From the system of equation, we construct the matrix of coefficients:
[tex]\begin{bmatrix}{5} & {4} & {-4} & {|13} \\ {1} & {1} & {5} & {|2} \\ {1} & {-4} & {0} & {|17} \\ & & & \end{bmatrix}[/tex]
Now, we subtract the second row from the third row:
[tex]\begin{bmatrix}{5} & {4} & {-4} & {|13} \\ {1} & {1} & {5} & {|2} \\ {0} & {-5} & {-5} & {|15} \\ & & & \end{bmatrix}[/tex]
We exchange the first and the second row:
[tex]\begin{bmatrix}{1} & {1} & {5} & {|2} \\ {5} & {4} & {-4} & {|13} \\ {0} & {-5} & {-5} & {|15} \\ & & & \end{bmatrix}[/tex]
Subtracting 5 times the first row from the second row:
[tex]\begin{bmatrix}{1} & {1} & {5} & {|2} \\ {0} & {-1} & {-29} & {|3} \\ {0} & {-5} & {-5} & {|15} \\ & & & \end{bmatrix}[/tex]
Finally, we subtract 5 times the second row from the third row:
[tex]\begin{bmatrix}{1} & {1} & {5} & {|2} \\ {0} & {-1} & {-29} & {|3} \\ {0} & {0} & {140} & {|0} \\ & & & \end{bmatrix}[/tex]

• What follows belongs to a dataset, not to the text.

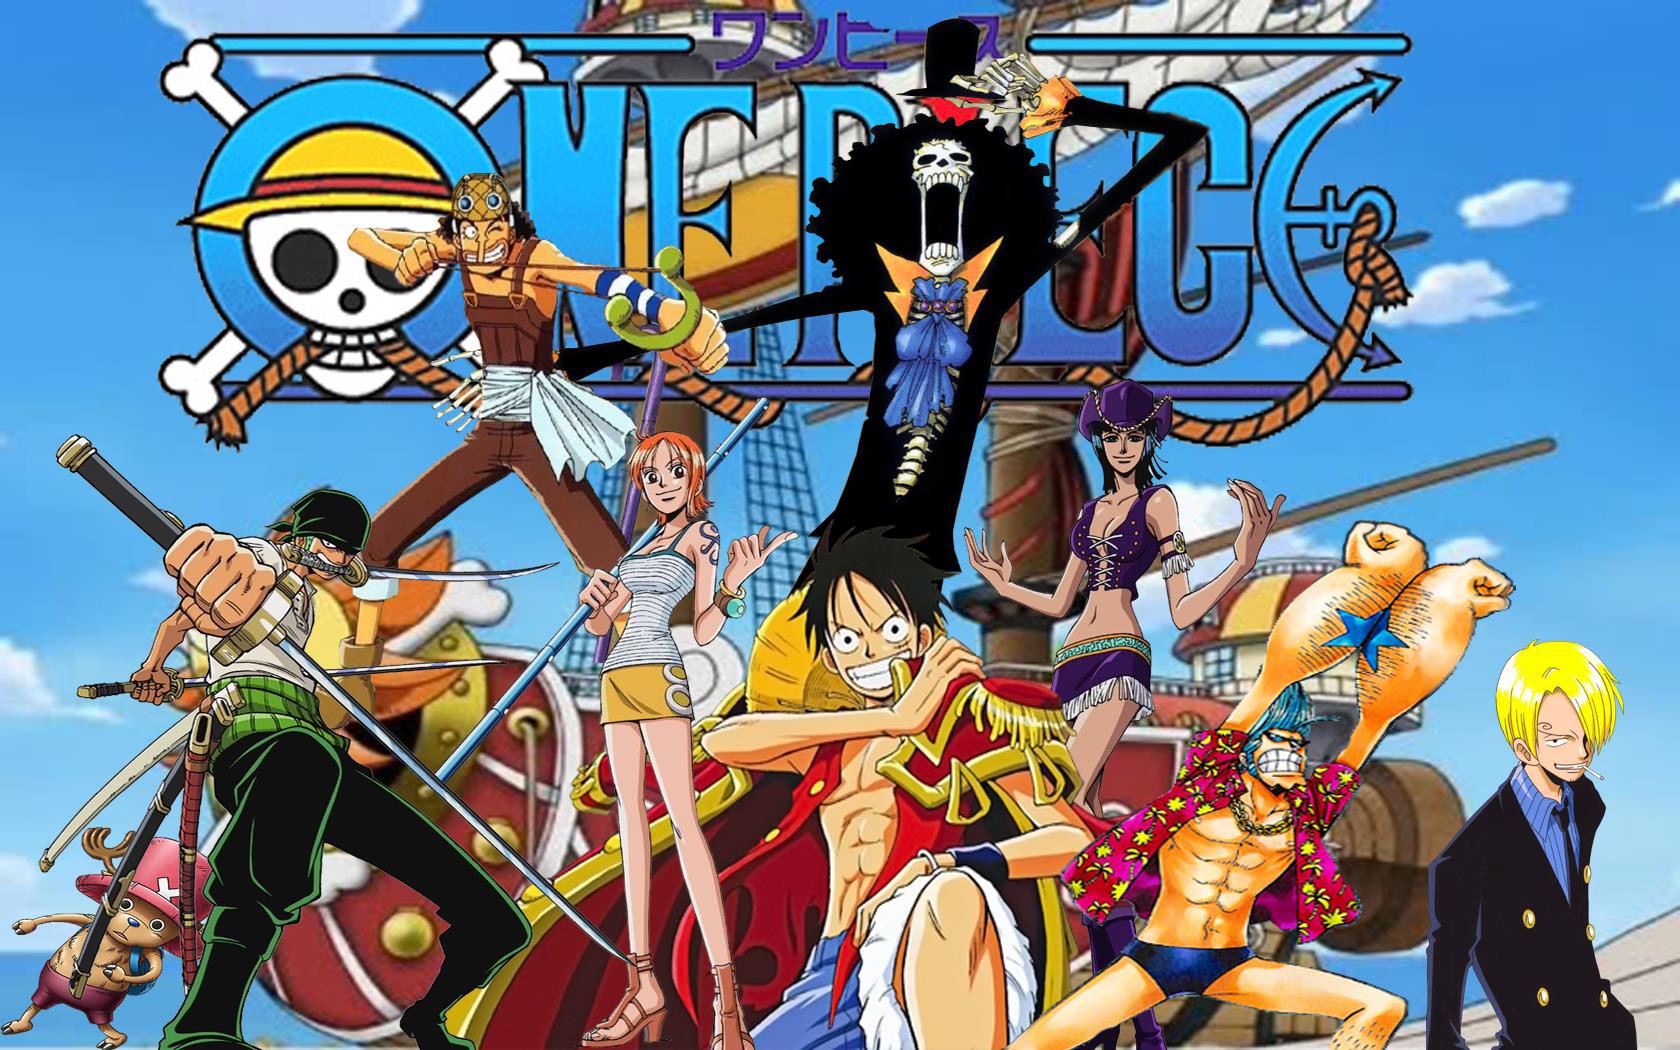 Với One Piece manga, bạn sẽ được trải nghiệm một thế giới tuyệt với đầy màu sắc và những nhân vật tuyệt vời. Khám phá hành trình của Luffy và đội hình của mình trên biển cả và đến với nhiều đảo mới để khám phá những bí mật thú vị. Chào đón bạn đến với thế giới hải tặc đầy mạo hiểm!

Now, using back substitution:
[tex]\begin{gathered} 140z=0 \\ \Rightarrow z=0 \end{gathered}[/tex][tex]\begin{gathered} -y-29z=3 \\ -y=3 \\ \Rightarrow y=-3 \end{gathered}[/tex][tex]\begin{gathered} x+y+5z=2 \\ x-3=2 \\ \Rightarrow x=5 \end{gathered}[/tex]
The solution set is:
[tex]\lbrace(5,-3,0)\rbrace[/tex]